Это был мой мир, в котором я чувствовал себя защищенным. Я был уверен, что он незыблем и вечен. Да, я не мог проследить свою родословную до времен Барбароссы – никто из евреев такого не сможет. Но я знал, что Шварцы жили в Штутгарте как минимум две сотни лет и, скорее всего, даже дольше. Однако доподлинно ничего не известно. Никаких записей не осталось. Неизвестно, откуда пришли мои предки в германские земли: из Киева или Вильнюса, Толедо или Вальядолида? В каких заброшенных безымянных могилах между Иерусалимом и Римом, Византией и Кёльном гниют ныне их кости? Можно ли с полной уверенностью утверждать, что наш род не древнее Хоэнфельсов? Не то чтобы меня волновали все эти вопросы. Они представлялись такими же неактуальными, как песни Давида царю Саулу. Тогда я знал только одно: это моя страна, мой дом, без начала и без конца, и быть евреем, по сути, не более примечательно, чем родиться черноволосым или рыжеволосым. В первую очередь мы были швабами, потом – немцами и только потом – евреями. Как еще я мог себя ощущать? Как еще мог себя ощущать мой отец? Или дед моего отца? Мы были не бедными Pollacken[32], спасавшимися от преследований царя. Разумеется, мы не могли и не стали бы отрицать свое «еврейское происхождение», точно так же как не стали бы отрицать, что мой дядя Генрих, которого мы не видели уже десять лет, был членом нашей семьи. Но это «еврейское происхождение» проявлялось лишь в том, что единожды в год, на День искупления, мама ходила в синагогу, а отец не курил и не ездил по городу. Не потому, что был строгим приверженцем иудаизма, а потому, что ему не хотелось задевать чувства верующих.
Я до сих пор помню яростную дискуссию между отцом и одним сионистом, который пришел собирать деньги для Израиля. Отец на дух не выносил сионизм. Сама идея казалась ему совершенно безумной. Заявлять права на Палестину по прошествии двух тысяч лет представлялось ему столь же нелепым, как если бы итальянцы вдруг заявили права на Германию на том основании, что когда-то она находилась под властью Древнего Рима. Это все приведет к бесконечному кровопролитию, и евреям придется сражаться с целым арабским миром. И что за дело ему, коренному штутгартцу, до Иерусалима?

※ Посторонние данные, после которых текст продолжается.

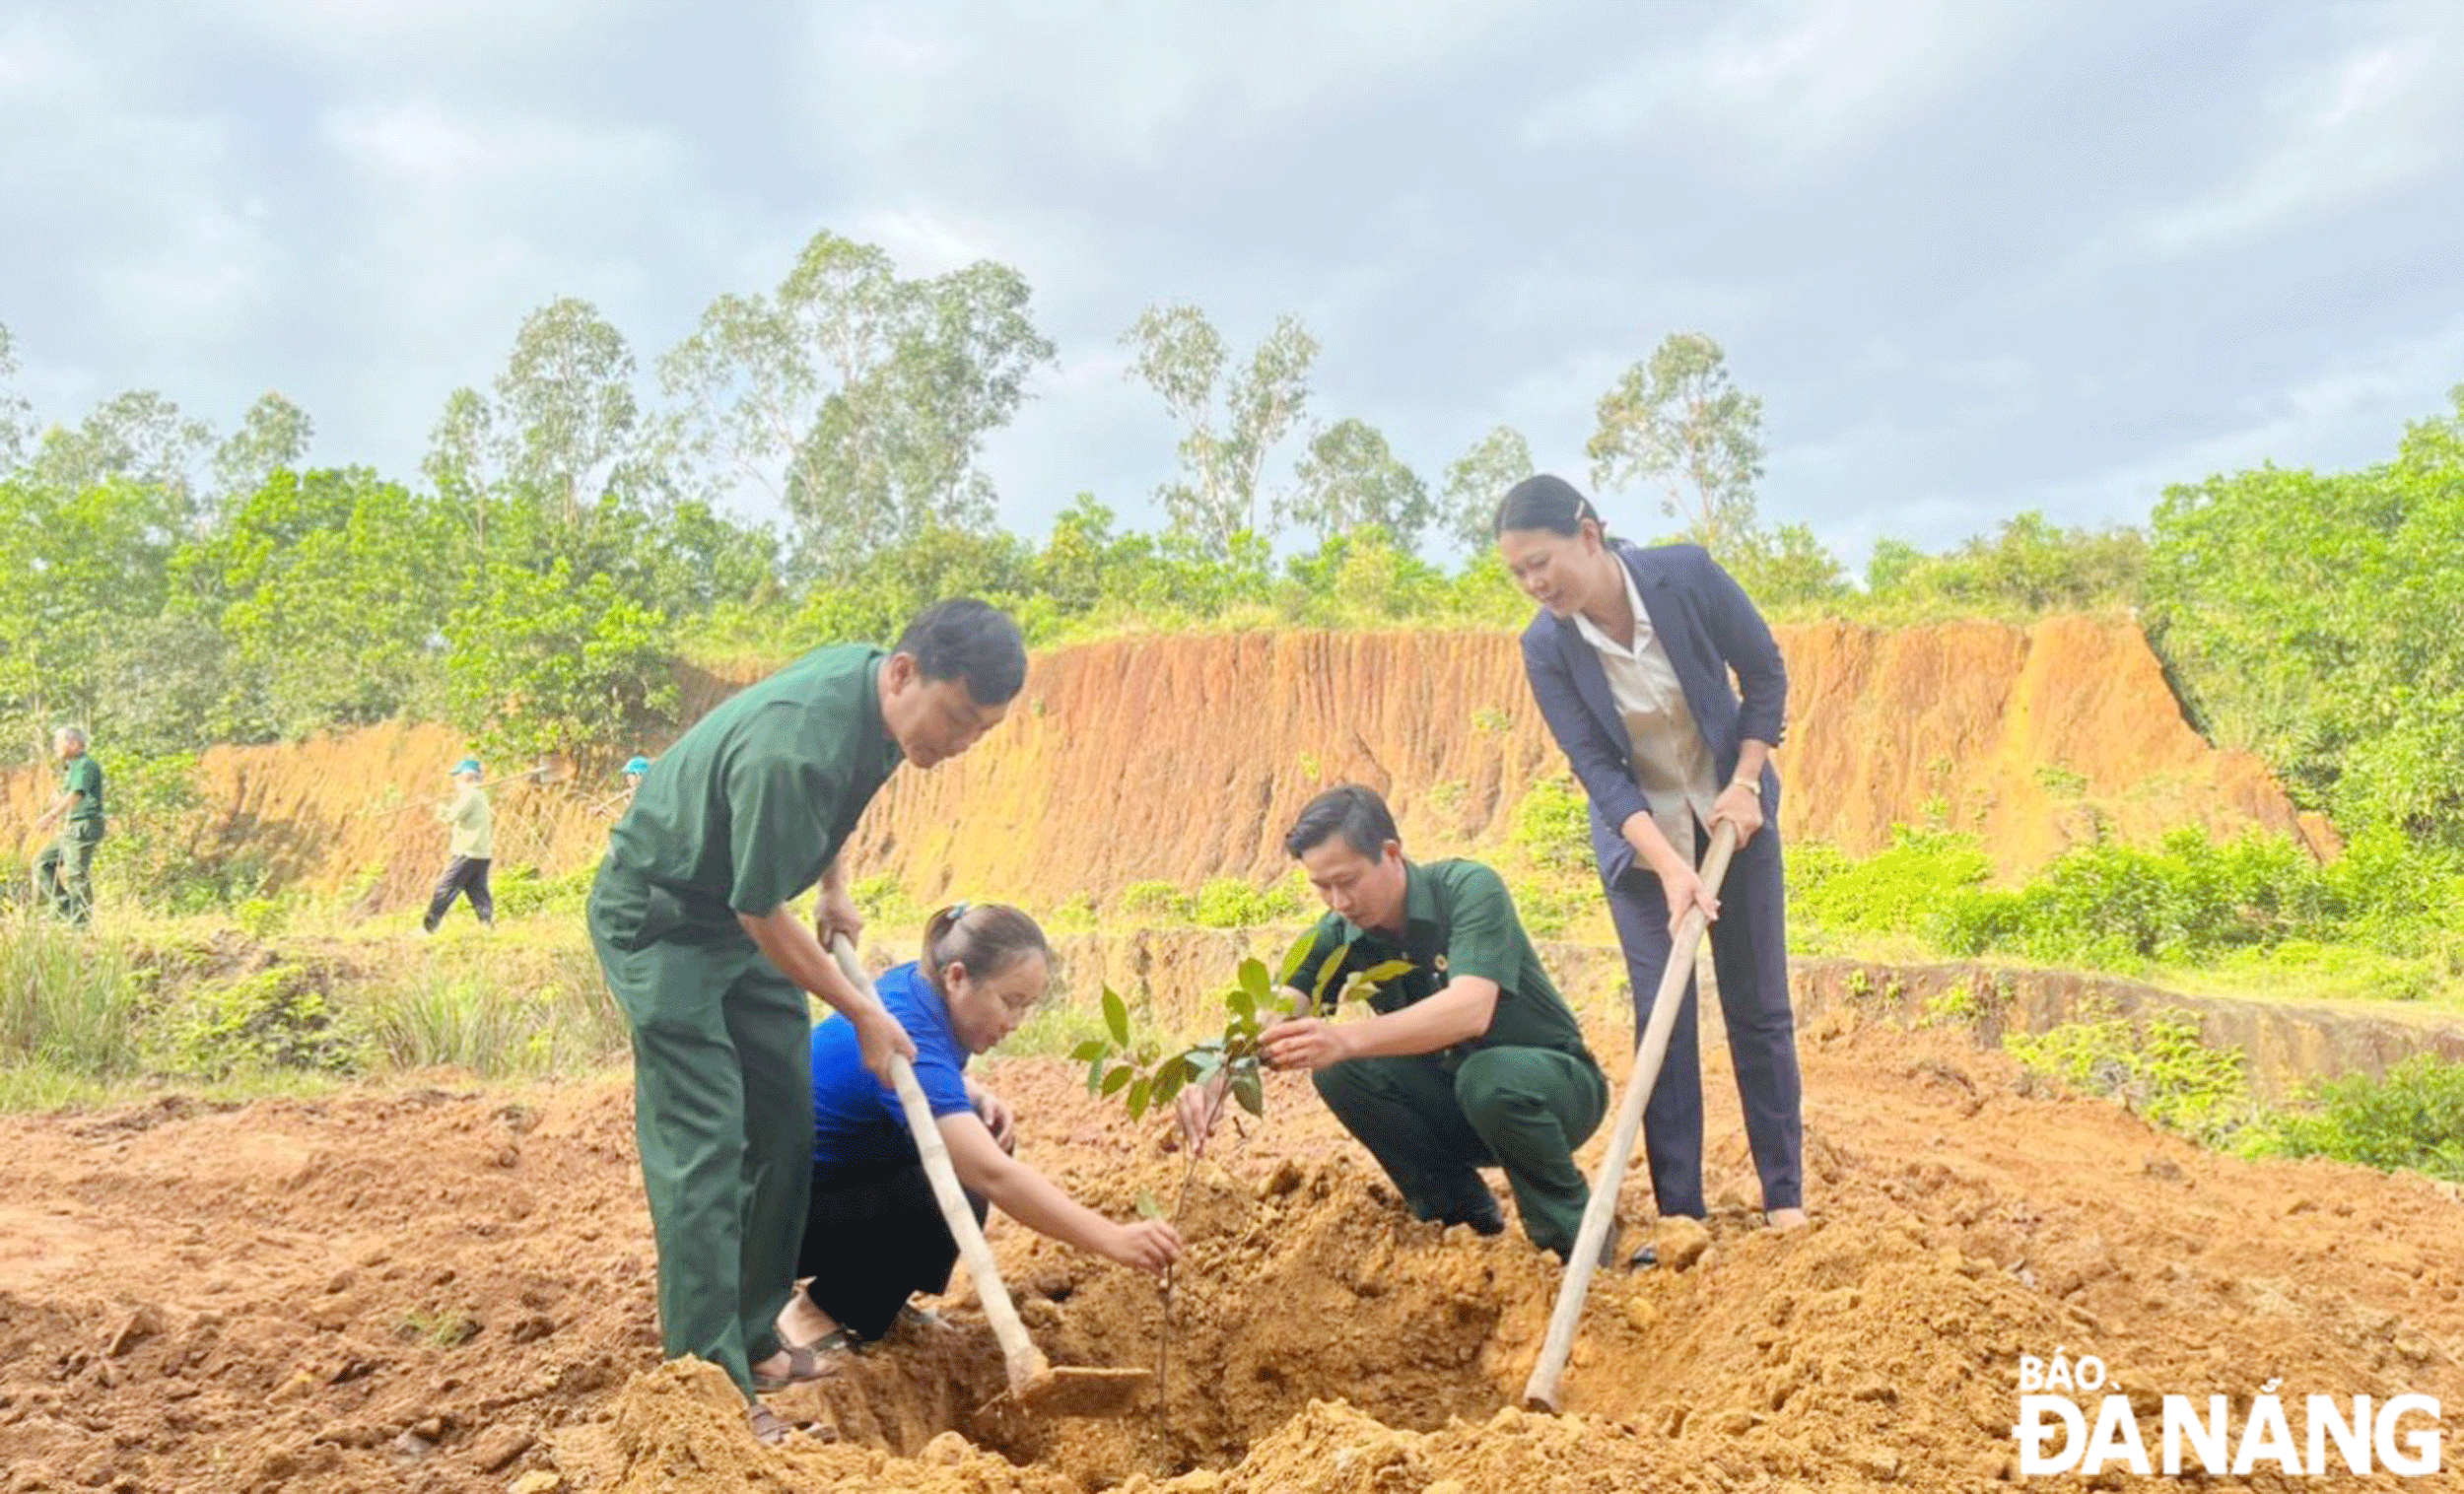 Đoàn thanh niên, Hội Cựu chiến binh xã Hòa Nhơn ra quân trồng cây phủ xanh đồi trọc, thực hiện đề án “Trồng một tỷ cây xanh giai đoạn 2021-2025”   của Chính phủ tại thôn Hòa Khương Đông (xã Hòa Nhơn). Ảnh: HOÀNG HIỆP

Когда сионист упомянул Гитлера и спросил у отца, неужели его не страшит происходящее в стране, отец ответил:
– Ни в коей мере. Я знаю мою Германию. Это временная болезнь вроде кори. Все пройдет, как только поправится экономическая ситуация. Вы всерьез полагаете, что соотечественники Гёте и Шиллера, Канта и Бетховена купятся на эту чушь? Как вы смеете оскорблять память двенадцати тысяч евреев, отдавших жизнь за нашу страну? Für unsere Heimat?[33]